There are actually many miles of undetected tailings running upstream above the more recent workings. The areas are generally lightly brushed over, with some large open areas. A few brief exploratory runs into these upper areas have produced no real finds, but the area is vast in extent, and worth attention in the future.
A talk with Doug revealed that next season there will be a lot more work done with bulldozers to make areas "fresh" again. The good news is many worked areas will be rejuvenated in this way. The bad news is you guys that did not dispose of your trash properly... well, it's just going to be there to dig up again.
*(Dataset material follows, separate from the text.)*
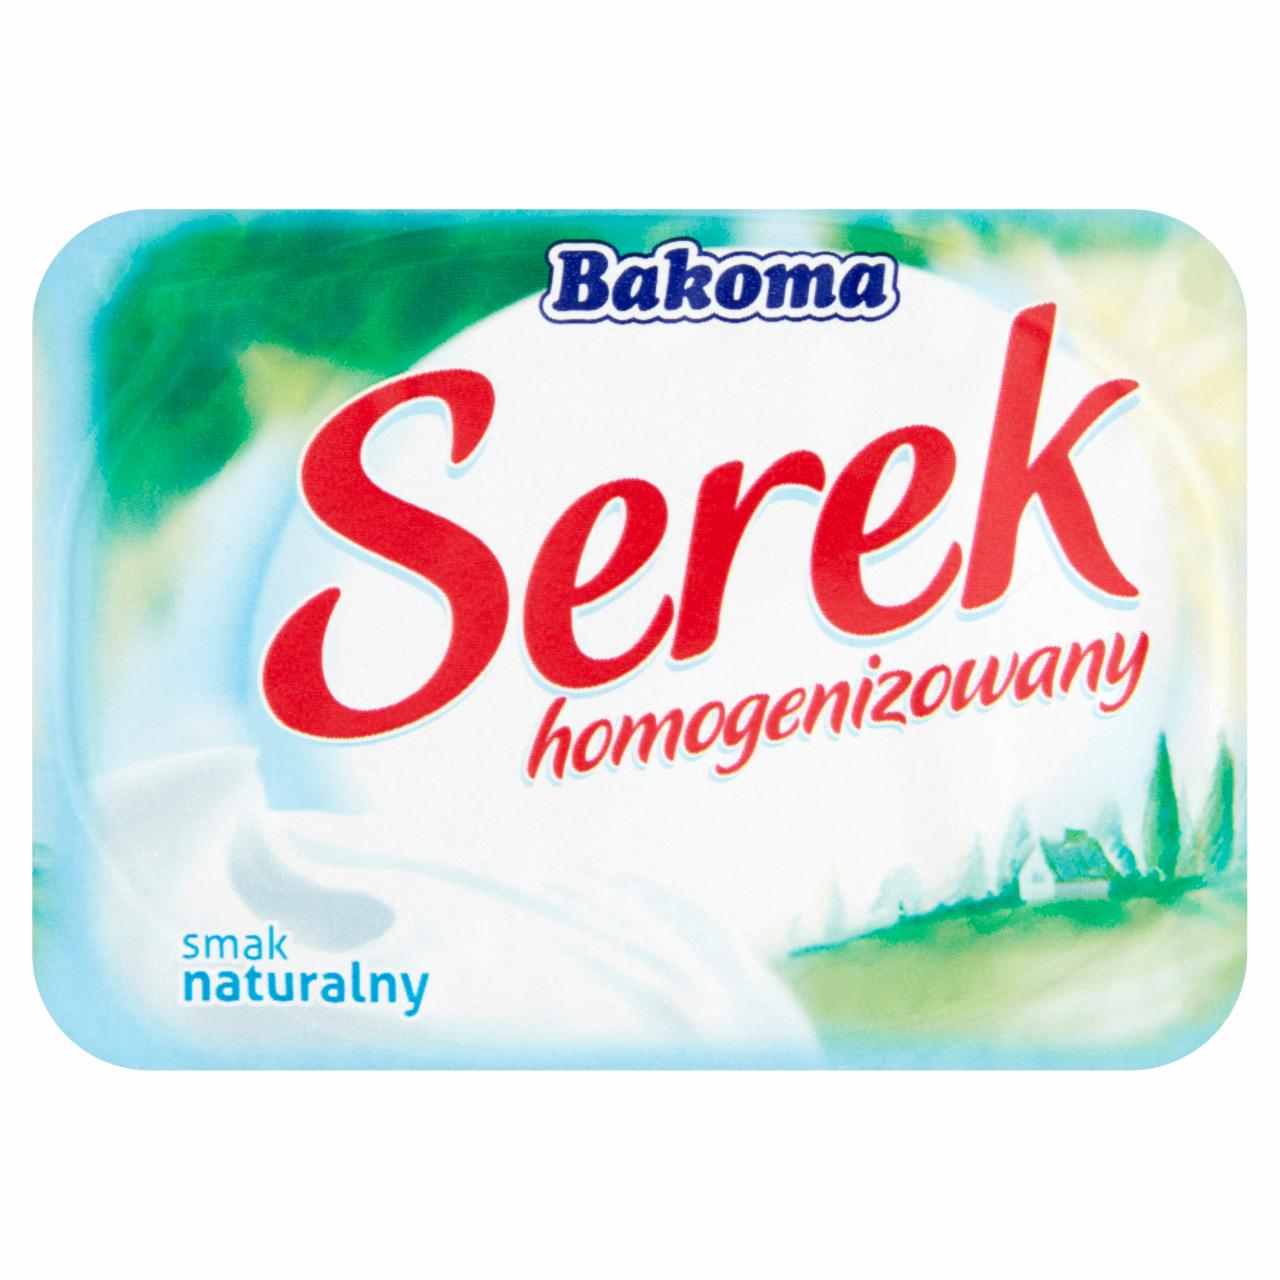 Zdjęcia - Bakoma Serek homogenizowany smak naturalny 150 g
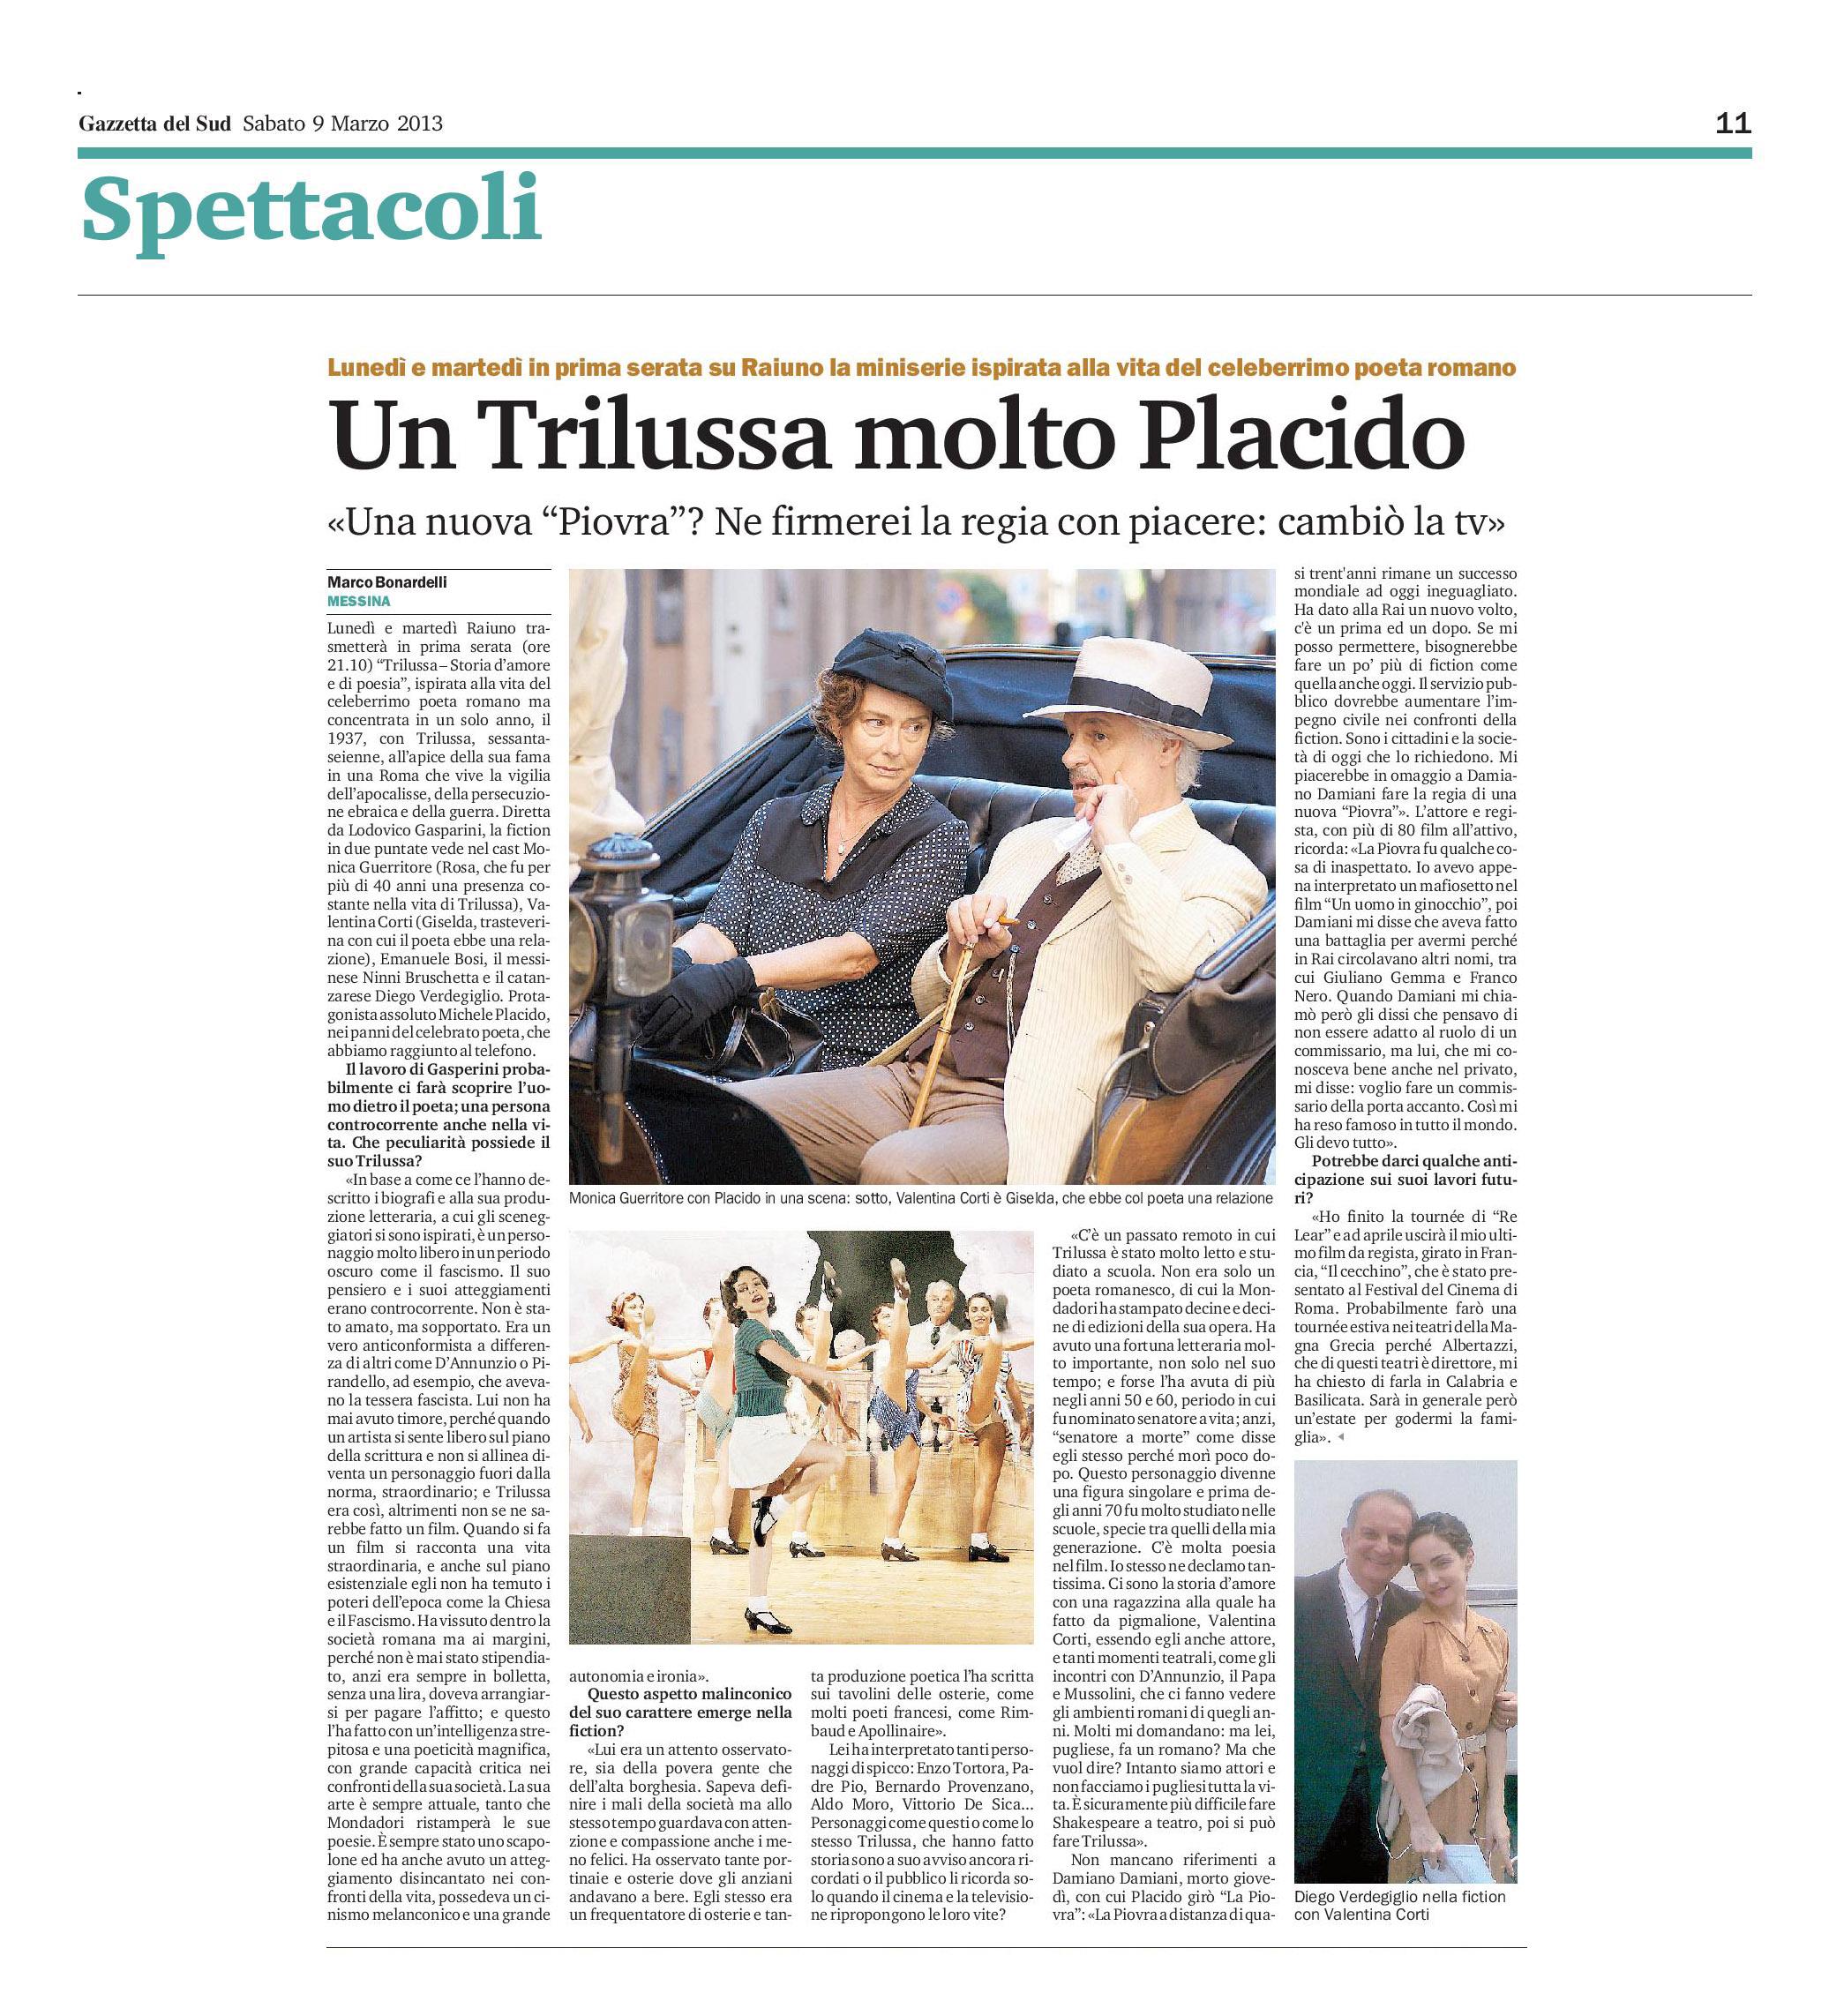 17 - Michele Placido - Un Trilussa molto Placido - Gazzetta del Sud - 9 marzo 2013.jpg

The future at Ganes creek is more likely to be a mixture of working material freshly turned over, and then wandering off searching for those missed areas.
Finally, the detectors themselves. I like the Garrett Infinium LS. It has great bang-for-the-buck in the PI department. Its current lack of accessory coils is the only thing really holding it back at the moment. I see the Infinium as being the machine I will turn to when my normal VLF detectors won't do the trick. Ganes Creek is really not the best area for PI detectors, as the low mineralization and lack of hot rocks means the PI units have no real edge over VLF detectors.
The White's GMT is slowly becoming my primary nugget detector. I've favored the Fisher Gold Bug 2 the last few years, but the extra versatility of the GMT is causing me to use it more and more. The extra depth on large gold versus the Gold Bug 2 is the big plus at Ganes Creek.
The machine that really wowed both Jeff and I was the White's MXT. It's the first detector I've ever used that I really think "does it all". Now, while it bench tests well on small gold, frankly it does not hold a candle to the GMT when it comes to very small gold under actual field conditions. If small gold is your bread and butter, the GMT or Gold Bug 2 are still the way to go. Not only do the higher frequency detectors have an innate edge, but the manual ground balance offers better control for small gold. The MXT must be auto ground balanced, then "locked". The GB point is then fixed, but it cannot be manually adjusted. The GMT has automatic and manual ground balance, while the Gold Bug 2 is manual only.
But the MXT does do very well on nuggets weighing a few grains or more, and the bigger the gold gets, the less difference there is between the MXT and GMT. Frankly, for nuggets weighing in pennyweights or more, I actually prefer the MXT. It operates smoother than the GMT in mineralized ground, and has depth as good as, and maybe under some circumstances better than, the GMT. It's a great machine for large nugget hunting.
Combine that with the fact that it has a vastly superior id system, with both iron readout and conductivity measurement, and you can actually do things like tell most gold nuggets from a .22 shell casing. I actually used the relic mode with the small coil on the MXT to work extreme trash areas to good effect. This machine has lots of potential to explore, and yet is very easy to use. Add in the the fact that it has a 6.5" x 4" elliptical DD, 5.3" round concentric, and 10" x 5.5" elliptical DD coils available as options, and I think the MXT is now the machine to beat for all-around use. And despite it's wealth of features, it's list price is only $799.95. I think we will be hearing a lot more about the MXT in coming years.